INFORMATION PROVIDED:
----------------
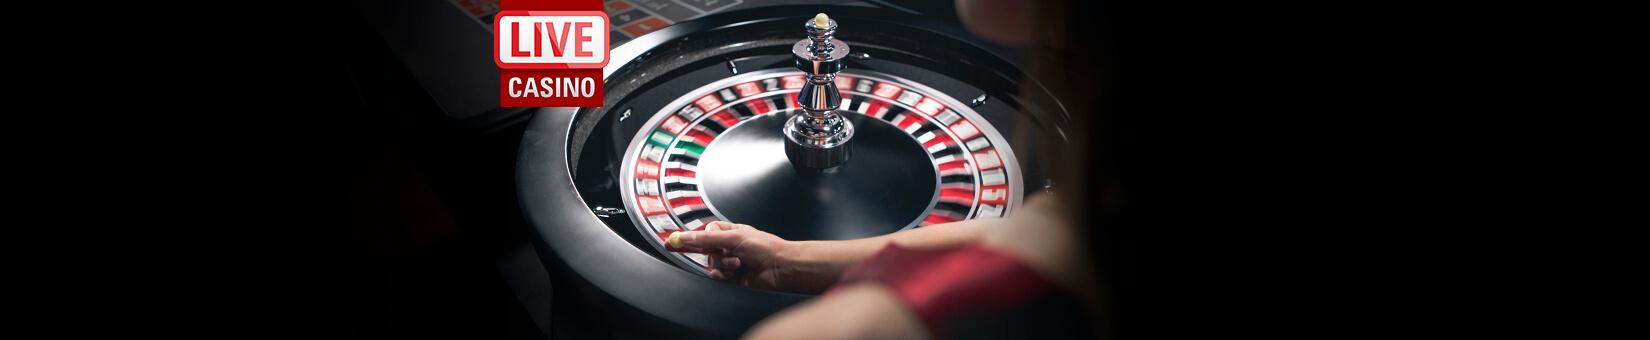 Juegos LuckyCreek com casino en vivo pokerstars-628445
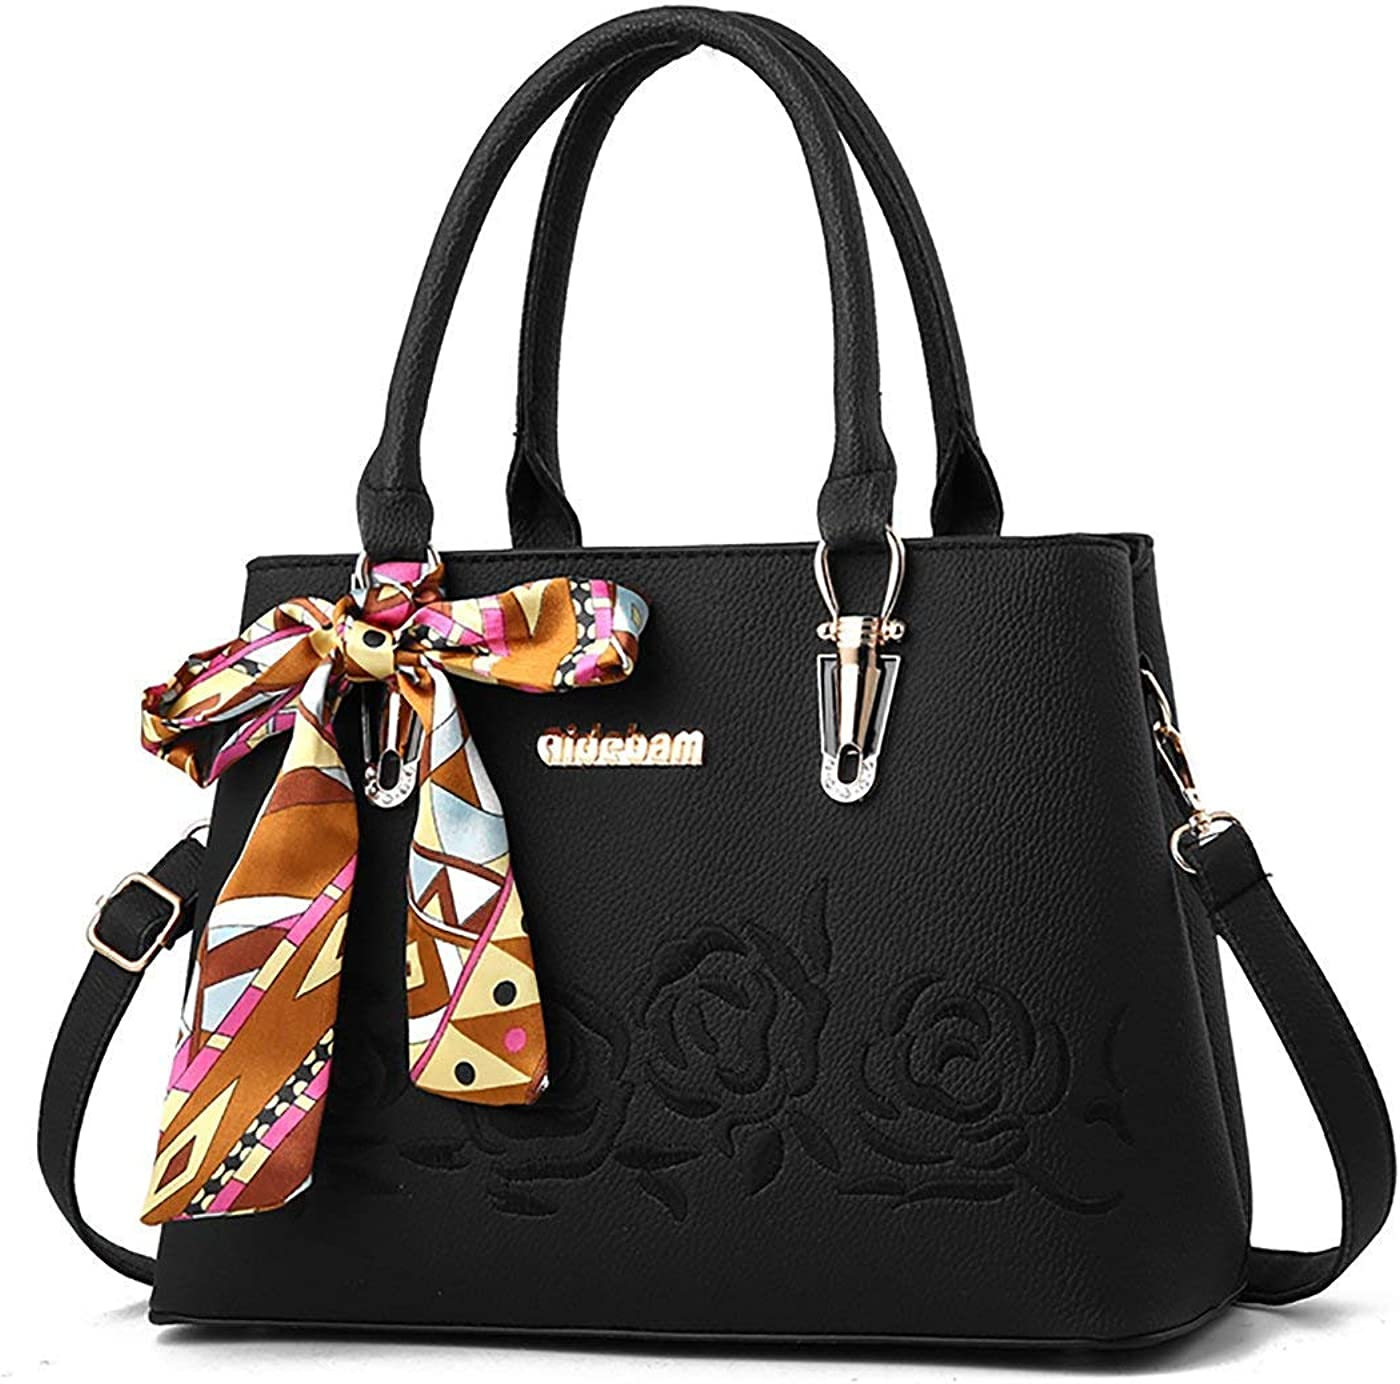 Zhao Liang Women Handbag PU Leather Embroidered Purse Elegant Top Handle Bag Shoulder Bags Satchel Ladies
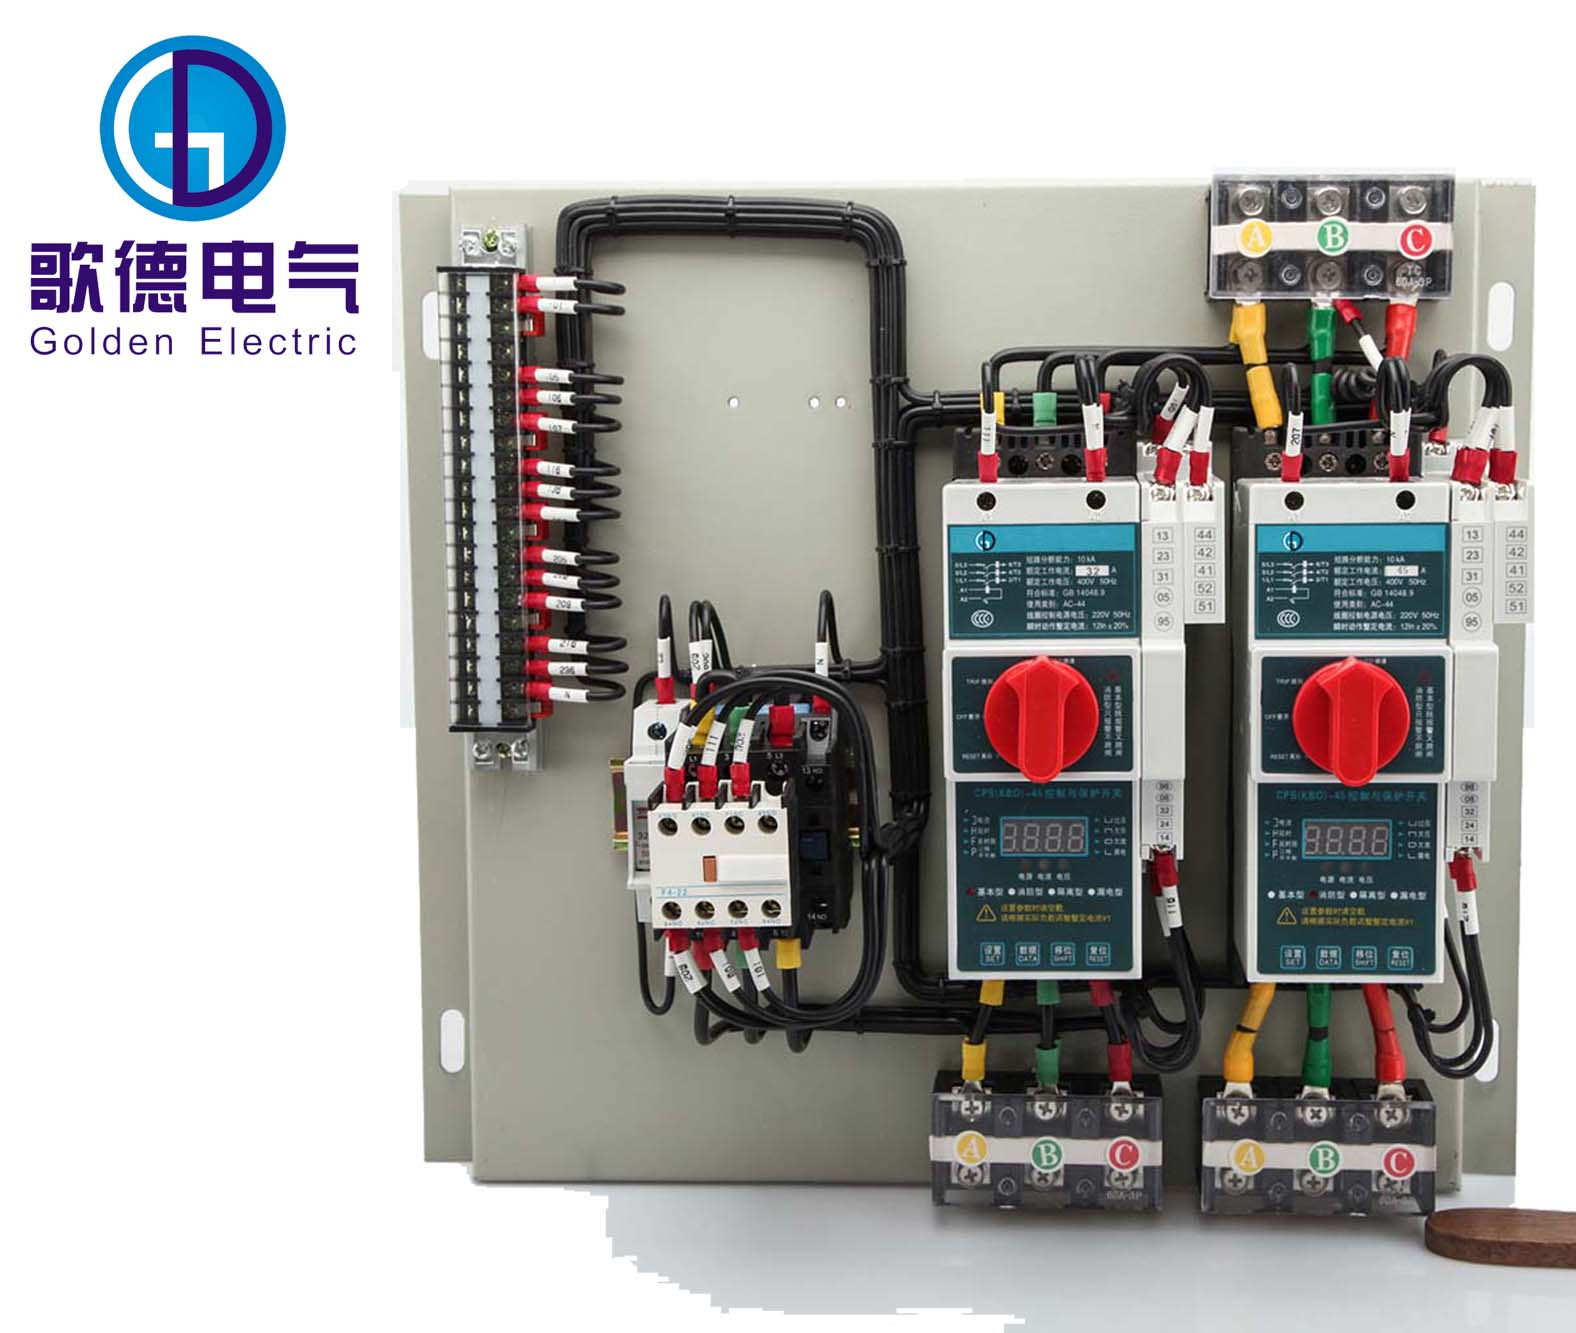 电路板 1576_1333
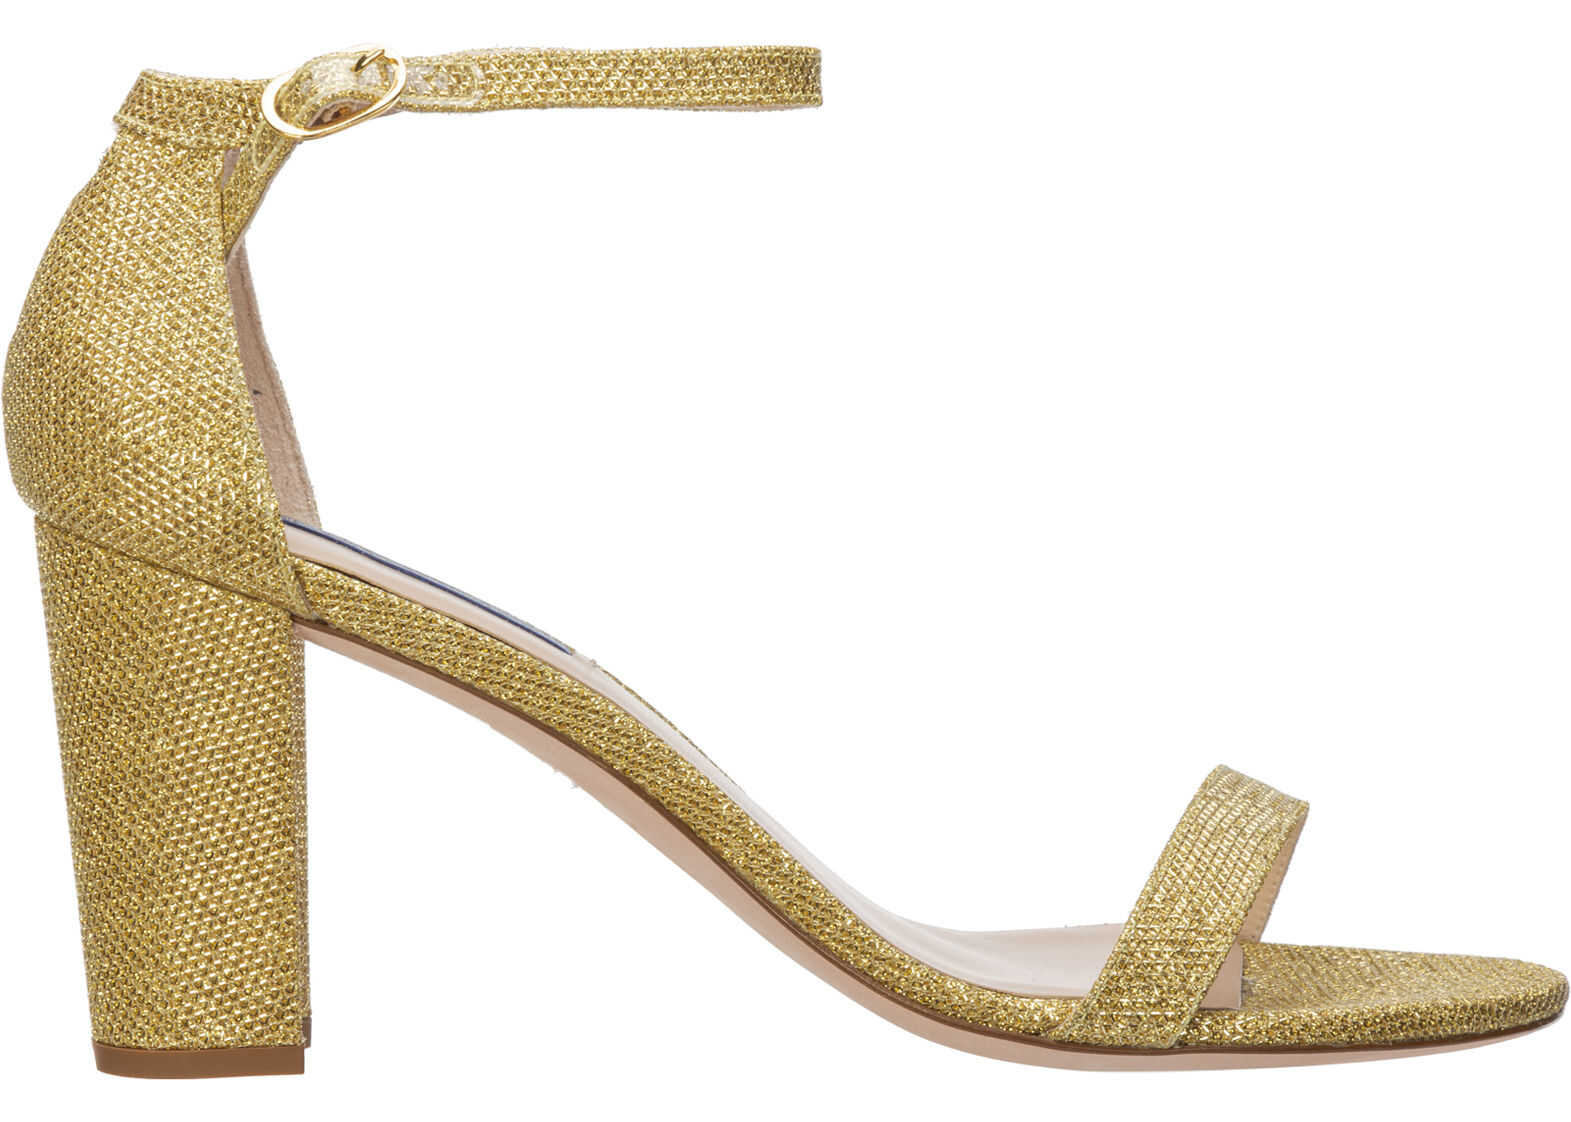 Stuart Weitzman Sandals Nearlynude Gold
----------------
WHAT TO PRODUCE: With the images excluded, reproduce the data above precisely as written.

YOUR RESPONSE:
 Juegos LuckyCreek com casino en vivo pokerstars-628445
 Zhao Liang Women Handbag PU Leather Embroidered Purse Elegant Top Handle Bag Shoulder Bags Satchel Ladies
 电路板 1576_1333
 Stuart Weitzman Sandals Nearlynude Gold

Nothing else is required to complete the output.